Dabei ist die Befragungsrichtung eine doppelte. Zum einen werden ausgehend von der postkolonialen theoretischen Perspektive die Erfahrungen und Orientierungen von Schüler_innen analysiert. Zum anderen bleibt die Auseinandersetzung offen für weitere theoretische Erklärungsangebote. Es wird also ausgehend von den Perspektiven und Erfahrungen der Schüler_innen gefragt, inwiefern weitere theoretische Erklärungsangebote notwendig seien, um diese besser zu verstehen. Für mein Vorgehen ist folglich eine rekursive Vorgehensweise kennzeichnend, bei der nicht allein die eingenommene theoretische Perspektive auf die Orientierungen und lebensweltlichen Aushandlungsprozesse der Schüler_innen die Ergebnisse bestimmt. Die empirische Auseinandersetzung ist dabei immer bereits geprägt durch die postkoloniale Grundperspektive, von der ich ausgehe. Gleichwohl nehme ich in der empirischen Auseinandersetzung eine Haltung ein, die offen ist für Überraschungen, für Themen, die ich nicht erwartet habe, oder Gewichtungen von
Kapitel 3: Interkulturelles Lernen in der geographiedidaktischen Diskussion | 119
Themen, die ich so nicht vorausgesehen habe. Ziel ist eine Offenheit für theoretische Fokusverschiebungen und -erweiterungen im Anschluss an die Empirie und nicht eine grundlegende, völlig offene Suche nach weiteren Theorieangeboten.

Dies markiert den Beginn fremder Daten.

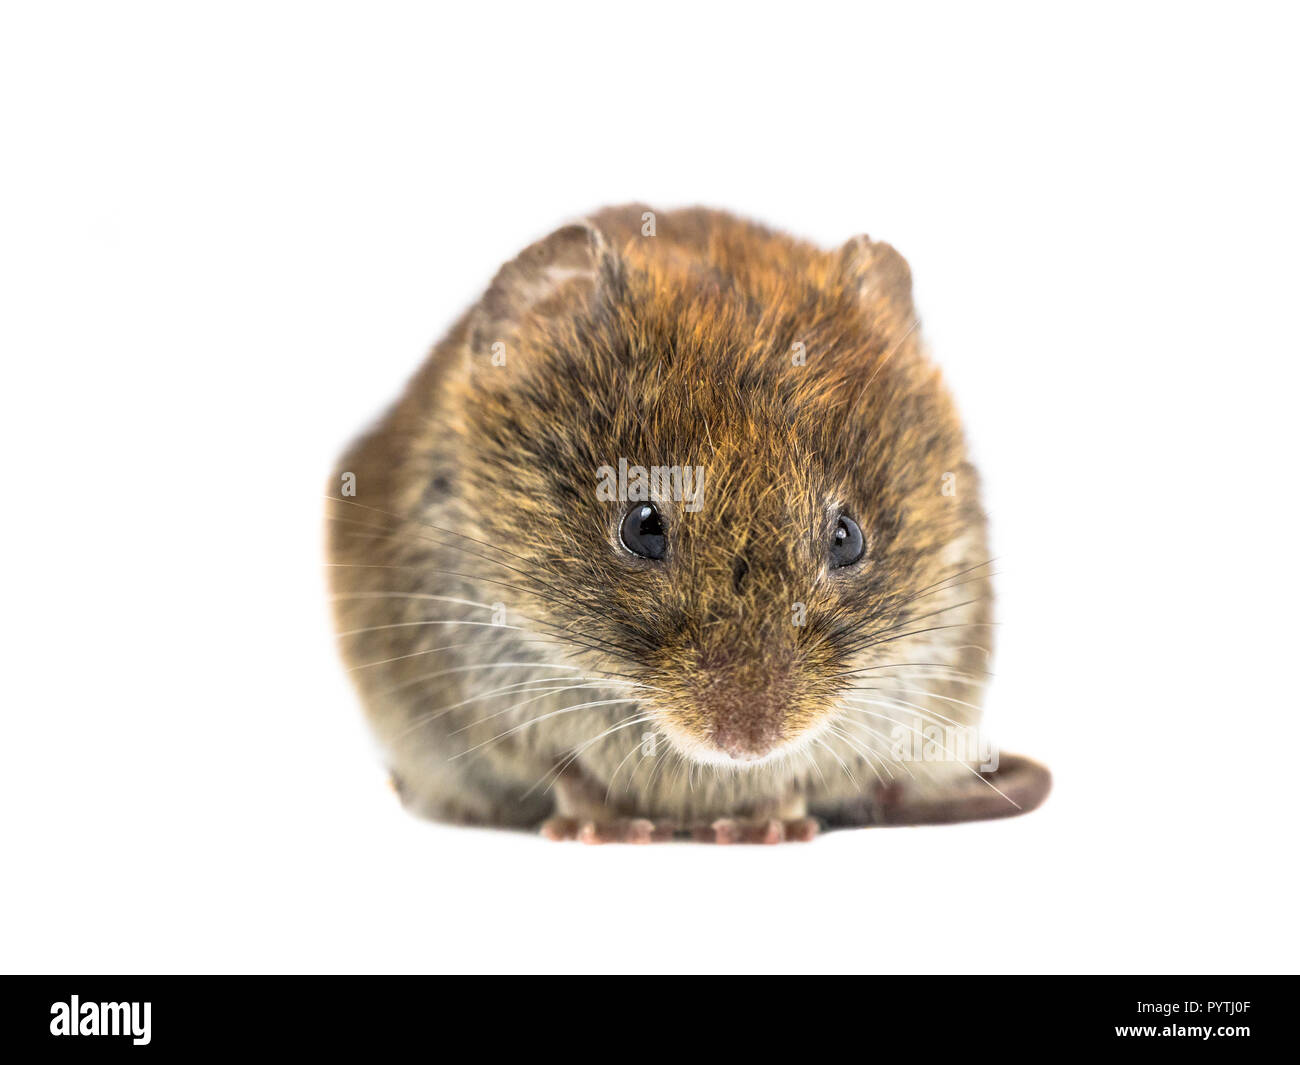 Frontale fino in prossimità della banca selvatici vole mouse (Myodes glareolus) guardando arrabbiato nella fotocamera su sfondo bianco Foto Stock

4. Methodologische und methodische Aspekte der Untersuchung
In diesem Kapitel möchte ich die epistemologischen Grundlagen des empirischen Vorgehens sowie das konkrete methodische Vorgehen ausführlich darlegen. Zunächst erläutere ich in methodologischen Vorüberlegungen meine reflexive Herangehensweise, die ich unter anderem in Auseinandersetzung mit einer Gruppendiskussionspassage entwickle. Im Anschluss daran werden die Strukturierung des Feldes und das methodische Vorgehen expliziert, für das teilnehmende Beobachtungen und Gruppendiskussionen miteinander verknüpft wurden. Bei der Darlegung des methodischen Vorgehens werden auch die Aufbereitung sowie die Auswertung der empirischen Daten mit der dokumentarischen Methode erläutert. Am Schluss des Kapitels wird das methodische Vorgehen kritisch reflektiert.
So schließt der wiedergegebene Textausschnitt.